ACM CIKM 2022 Workshop
Human-In-the-Loop Data Curation
Tell Me More


Although data quality is a long-standing and enduring problem, it has recently received a resurgence of attention due to the fast proliferation of data analytics, machine learning, and decision-support applications built upon the wide-scale availability and accessibility of (big) data. The success of such applications heavily relies on not only the quantity, but also the quality of data. Data curation, which may include ingestion, annotation, cleaning, integration, etc., is a critical step to provide adequate assurances on the quality of analytics and machine learning results. Such data preparation activities are recognised as time and resource intensive for data scientists as data often comes with a number of challenges that need to be tackled before it can be used in practice. Data re-purposing and the resulting distance between design and use intentions of the data, is a fundamental issue behind many of these challenges. These challenges include a variety of data issues such as noise and outliers, incompleteness, representativeness or biases, heterogeneity of format or semantics, etc. Mishandling these challenges can lead to negative and sometimes damaging effects, especially in critical domains like healthcare, transport, and finance. An observable distinct feature of data quality in these contexts is the increasingly important role played by humans, being often the source of data generation and the active players in data curation. This workshop will provide an opportunity to explore the interdisciplinary overlap between manual, automated, and hybrid human-machine methods of data curation.

Call for Papers

The full-day workshop on Oct 21, 2022 will include the following three parts:
  • Part 1 features plenary sessions, including the keynotes, invited talks, and panel.
  • Part 2 features selected presentations from speakers whose papers are peer-reviewed and who attend in person.
  • Part 3 features lightning talks for extended abstracts that are not formally peer-reviewed.
We invite submissions for novel research papers around the following topics:
  • Quality control for crowdsourced data curation
  • Data worker incentivization and engagement, including techniques from citizen science and collective intelligence
  • Expertise finding and engagement for data curation
  • Supporting crowd workers and experts in data task completion
  • Supporting data curation task design for data requesters
  • Collaborative data work among humans and between humans and AI
  • Human studies into the transparency, reliability, and biases in manual and hybrid data curation
  • Interaction techniques for manual, collaborative, and hybrid human-machine data curation, eg.., conversational interfaces
  • Database and machine learning techniques for supporting large-scale and hybrid data curation
  • Human intervention in data cascades and machine learning lifecycle management
  • Benchmarks in machine learning, AI, and related areas
  • Privacy and security issues of data quality, e.g., data poisoning attacks
Research papers must describe original work that has not been previously published, not accepted for publication elsewhere, and not simultaneously submitted or currently under review in another journal or conference.

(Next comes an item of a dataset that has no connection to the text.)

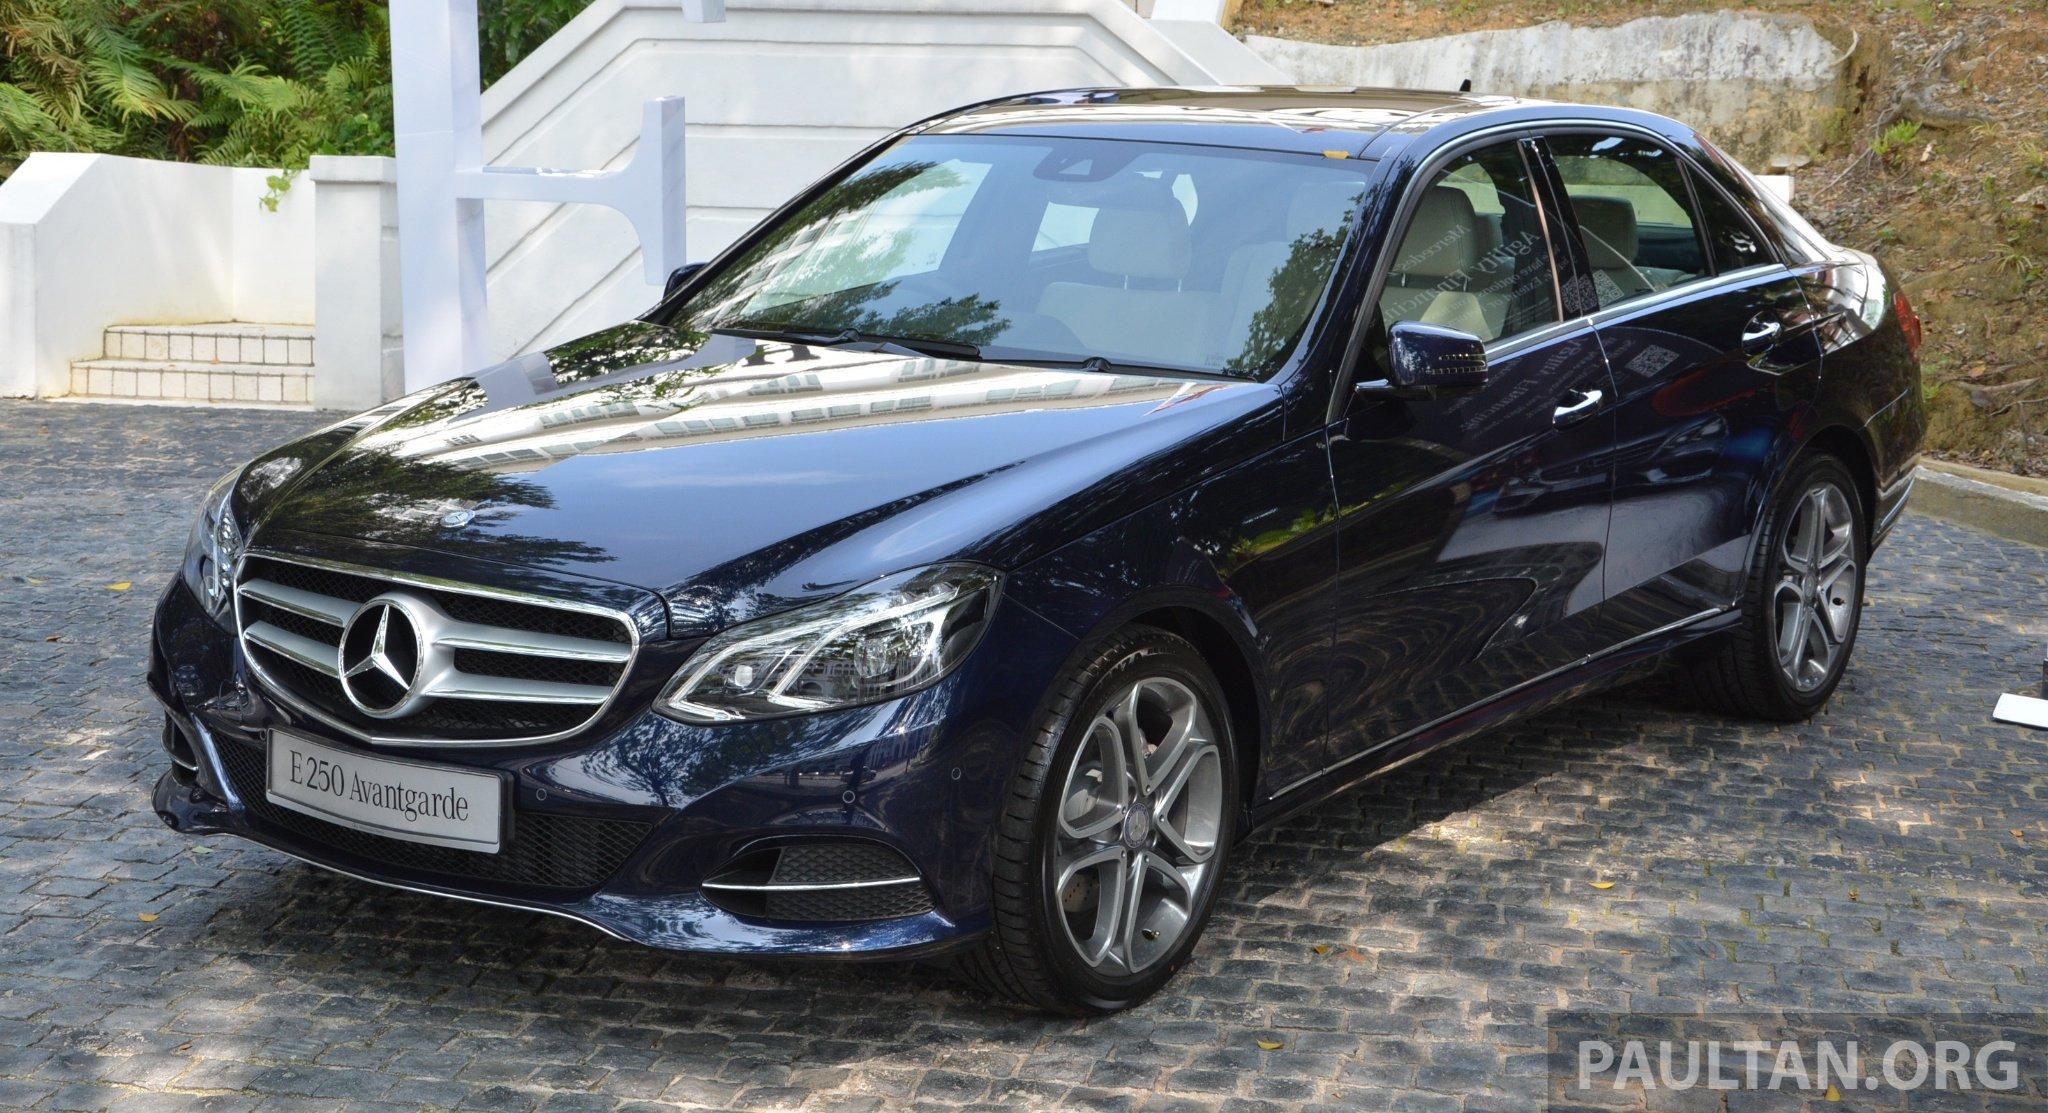 Mercedes Benz >> W212 Mercedes-Benz E-Class facelift launched – E 200 Avantgarde and E 250 Avantgarde, RM367k ...

Submissions of research papers must be in English, in PDF format, and be at most 2-4 pages (including figures, tables, proofs, appendixes, acknowledgments, and any content except references) in length, with unrestricted space for references, in the current ACM two-column conference format. Suitable LaTeX, Word, and Overleaf templates are available from the ACM Website (use “sigconf” proceedings template for LaTeX and the Interim Template for Word).

Submissions must be anonymous and should be submitted electronically via EasyChair:

At least one author of each accepted paper for part 2 of the workshop is required to register for, and present the work at the workshop.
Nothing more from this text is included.